Seorang Profesor setengah tua tinggal sendirian di Kota Shibuya. Namanya Profesor Hidesamuro Ueno. Dia hanya ditemani seekor anjing kesayangannya, Hachiko. Begitu akrab hubungan anjing dan tuannya itu sehingga kemanapun pergi Hachiko selalu mengantar. Profesor itu setiap hari berangkat mengajar di universitas selalu menggunakan kereta api.. Hachiko pun setiap hari setia menemani Profesor sampai stasiun. Di stasiun Shibuya ini Hachiko dengan setia menunggui tuannya pulang tanpa beranjak pergi sebelum sang profesor kembali. Dan ketika Profesor Ueno kembali dari mengajar dengan kereta api, dia selalu mendapati Hachiko sudah menunggu dengan setia di stasiun. Begitu setiap hari yang dilakukan Hachiko tanpa pernah bosan.
Musim dingin di Jepang tahun ini begitu parah. Semua tertutup salju. Udara yang dingin menusuk sampai ke tulang sumsum membuat warga kebanyakan enggan ke luar rumah dan lebih memilih tinggal dekat perapian yang hangat.

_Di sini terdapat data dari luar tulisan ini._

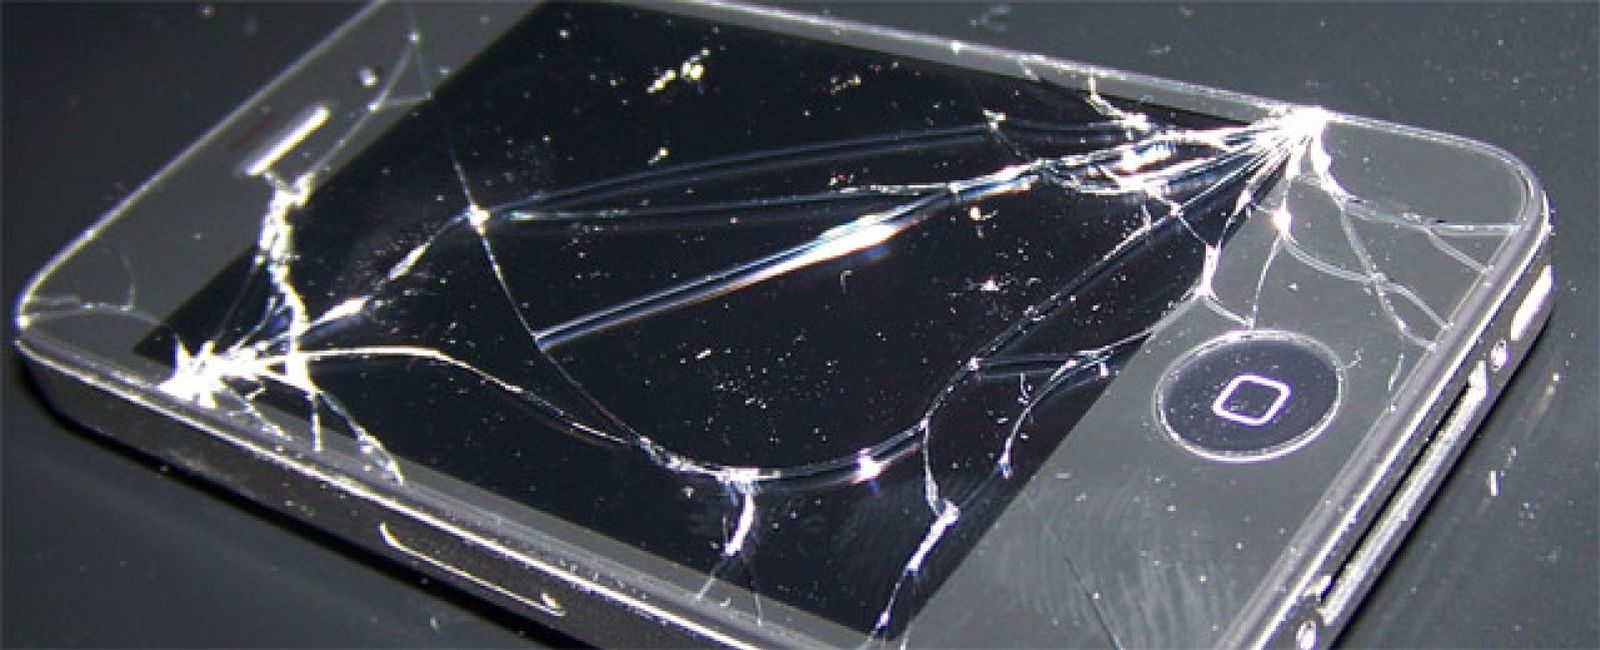 Foto: "Arreglar el iPhone 4 solo merece la pena en una tienda de chinos"
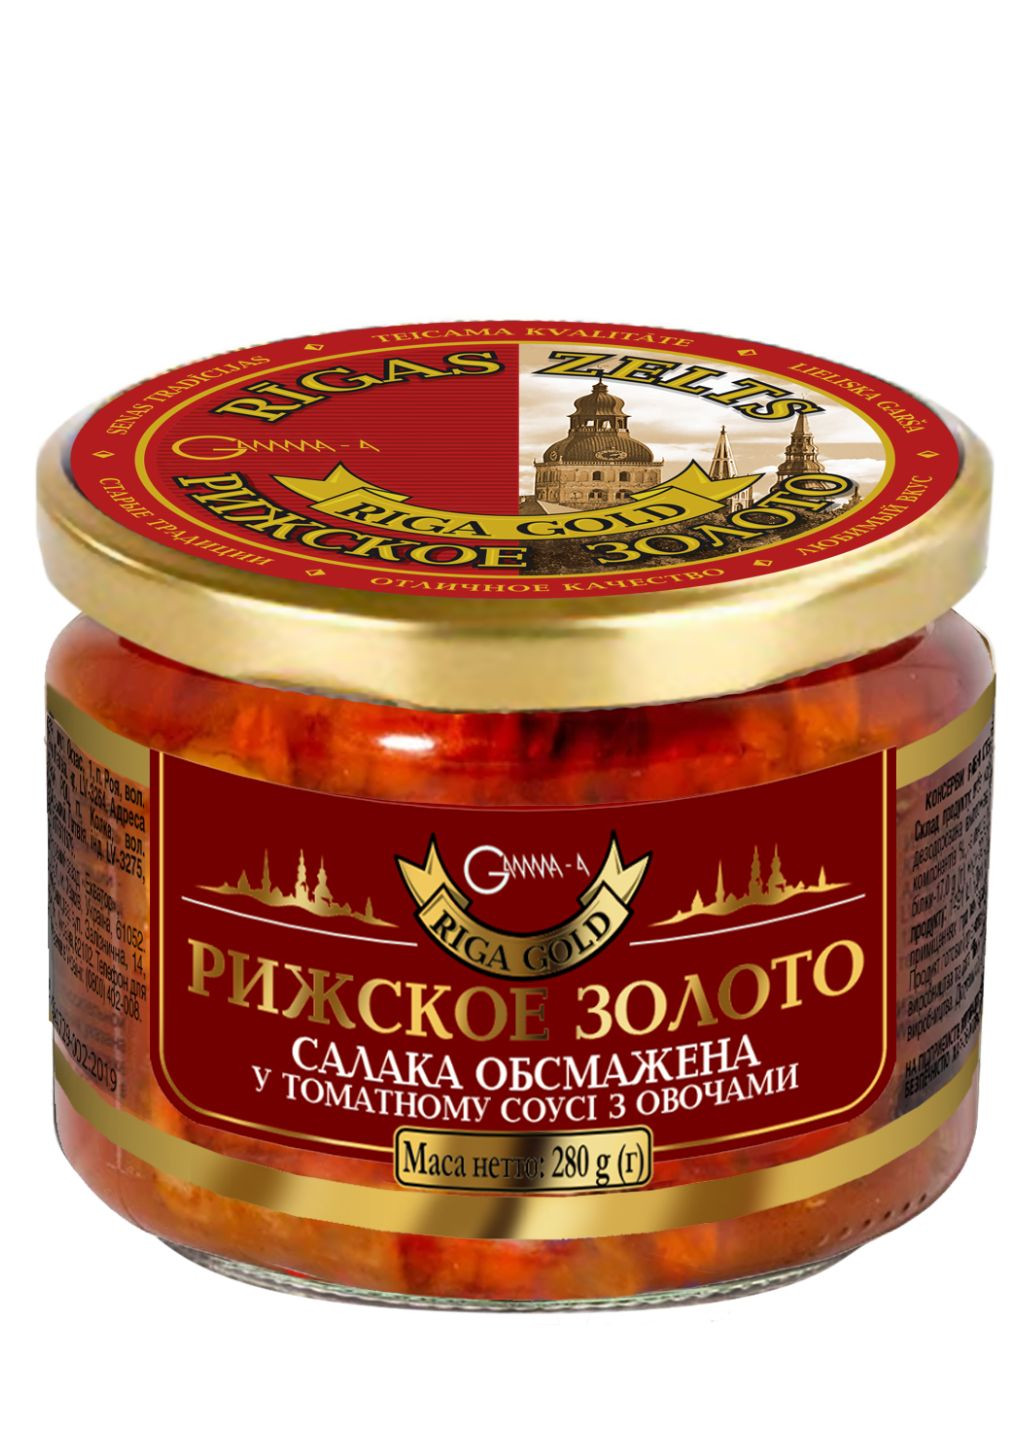 Салака обсмажена в томатному соусі з овочами Ризьке золото 280 г Ризьке Золото - (258691803)

Pagi itu, seperti biasa sang Profesor berangkat mengajar ke kampus. Dia seorang profesor yang sangat setia pada profesinya. Udara yang sangat dingin tidak membuatnya malas untuk menempuh jarak yang jauh menuju kampus tempat ia mengajar. Usia yang semakin senja dan tubuh yang semakin rapuh juga tidak membuat dia beralasan untuk tetap tinggal di rumah. Begitu juga Hachiko, tumpukan salju yang tebal dimana-mana tidak menyurutkan kesetiaan menemani tuannya berangkat kerja. Dengan jaket tebal dan payung yang terbuka, Profesor Ueno berangkat ke stasun Shibuya bersama Hachiko.
Tempat mengajar Profesor Ueno sebenarnya tidak terlalu jauh dari tempat tinggalnya. Tapi memang sudah menjadi kesukaan dan kebiasaan Profesor untuk naik kereta setiap berangkat maupun pulang dari universitas.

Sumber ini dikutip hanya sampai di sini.